In current code, this area is aligned on 8 bytes (not sure why). If it's aligned on 8 or 16 bytes, then the speed of seeded
variant gets a boost. If it's aligned on 32
or 64
bytes, then the speed goes down, to the level of the unseeded variant.
This goes contrary to expectation. It's as if avx2
unaligned load is faster than aligned one.
Note that kSecret
is aligned on 64
bytes, but even when I change that statement, performance doesn't move.
I am seeing slight variation on the alignment, but not much.
Does removing the optimize pragmas and using -O3
help?
can you run gcc -S -masm=intel (flags) xxhash.c -o xxhash.s and then give me xxhash.s?
https://gist.github.com/Cyan4973/6266189692549d2fa9deab7cc086ccfb
more verbose version :
https://gist.github.com/Cyan4973/bf74a910f1906e16703495cc9f064728
I am seeing slight variation on the alignment, but not much.
I'm wondering if this could be a cpu specific effect...

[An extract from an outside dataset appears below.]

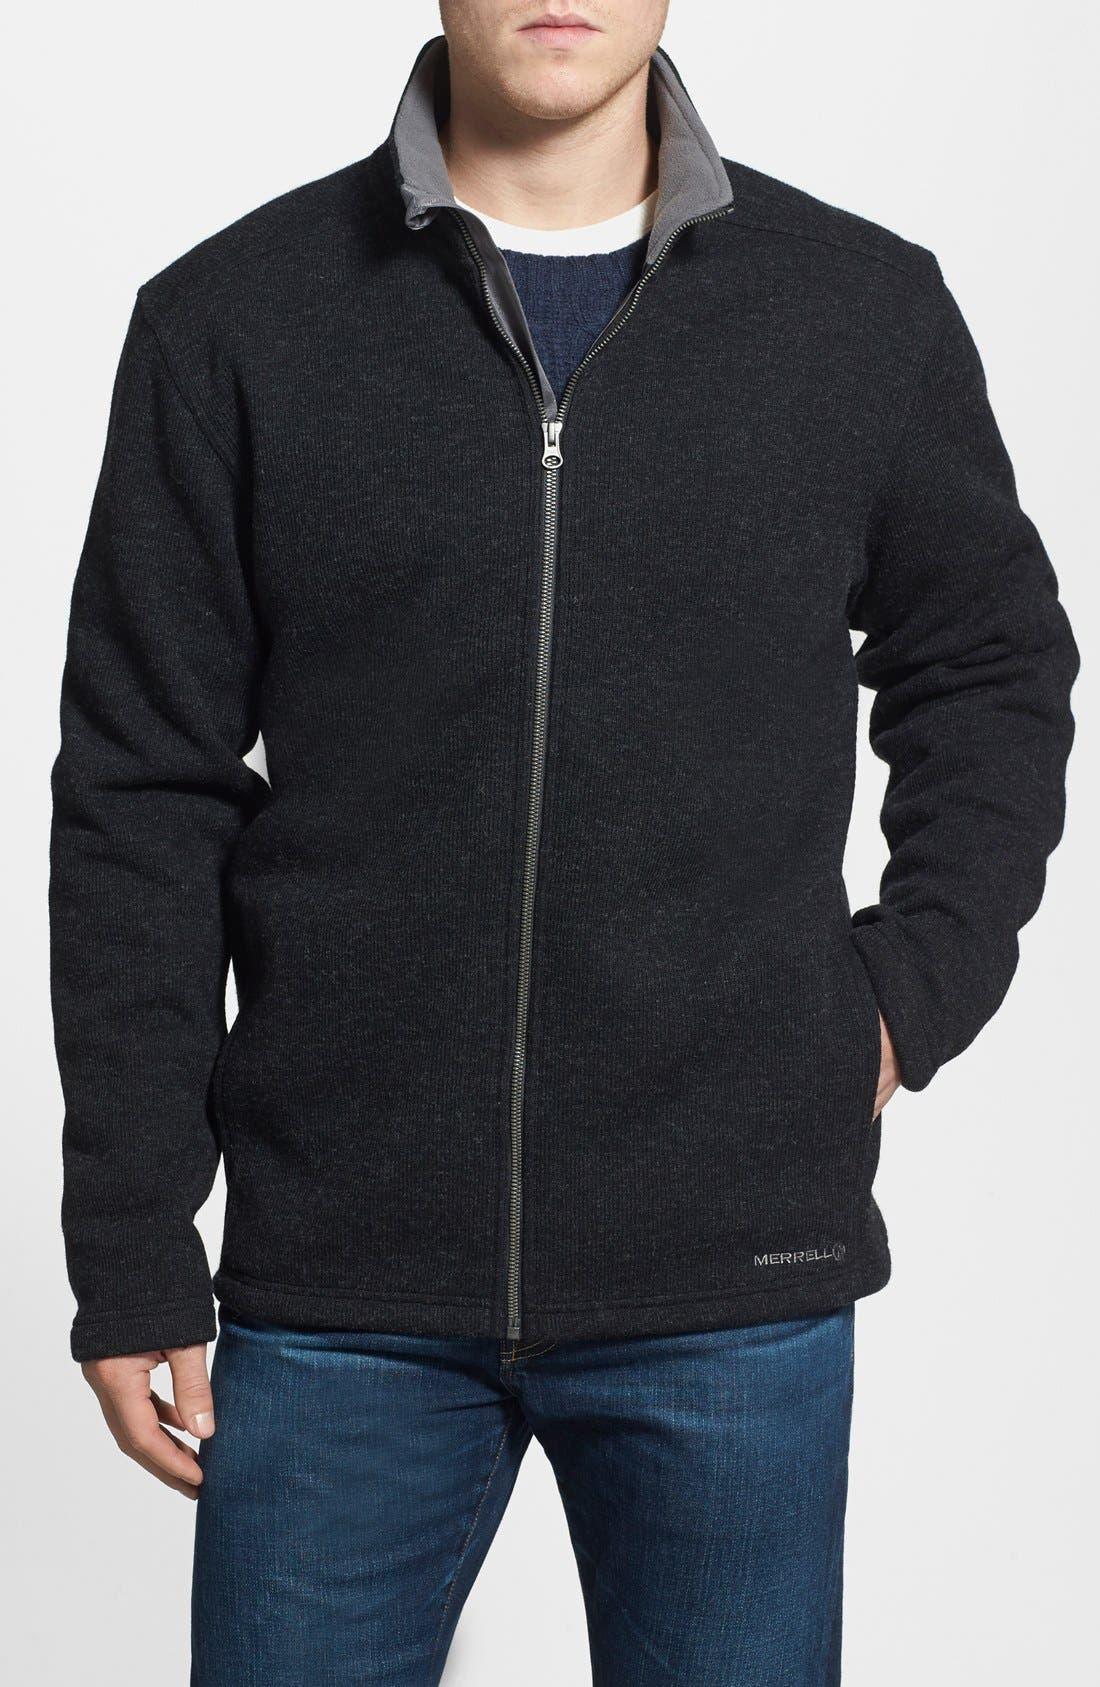 Main Image - Merrell 'Big Sky' Fleece Knit Jacket (Online Only)

I'm getting the same speeds, so it might be cpu-specific.
As for the verbose version, ow my eyes :joy:
Err… @Cyan4973, why 0.7.3 SSE2 executes silently on Windows 7 x64? Created #343.
Damn, this better not be another Unicode wrapper bug.......
Visual Studio implies SSE2 for x64 compiles
Well, of course it would. SSE2 is required for x86_64. That was one of the reasons we chose SSE2 (and NEON), no compat checks.
It also assumes SSE2 on x86 because Windows 7 and later require it.
For the time being, performance comparison is updated in : https://github.com/Cyan4973/xxHash/wiki/Performance-comparison
On reaching v0.8.0
, parts of the wiki will be used to update the performance section within README.md
.
Currently, the benchmarks and SMHasher scores shown in README.md and xxhash.h are out of date. They should be updated, as XXH32 fails SMHasher and they don't include the newer hashes.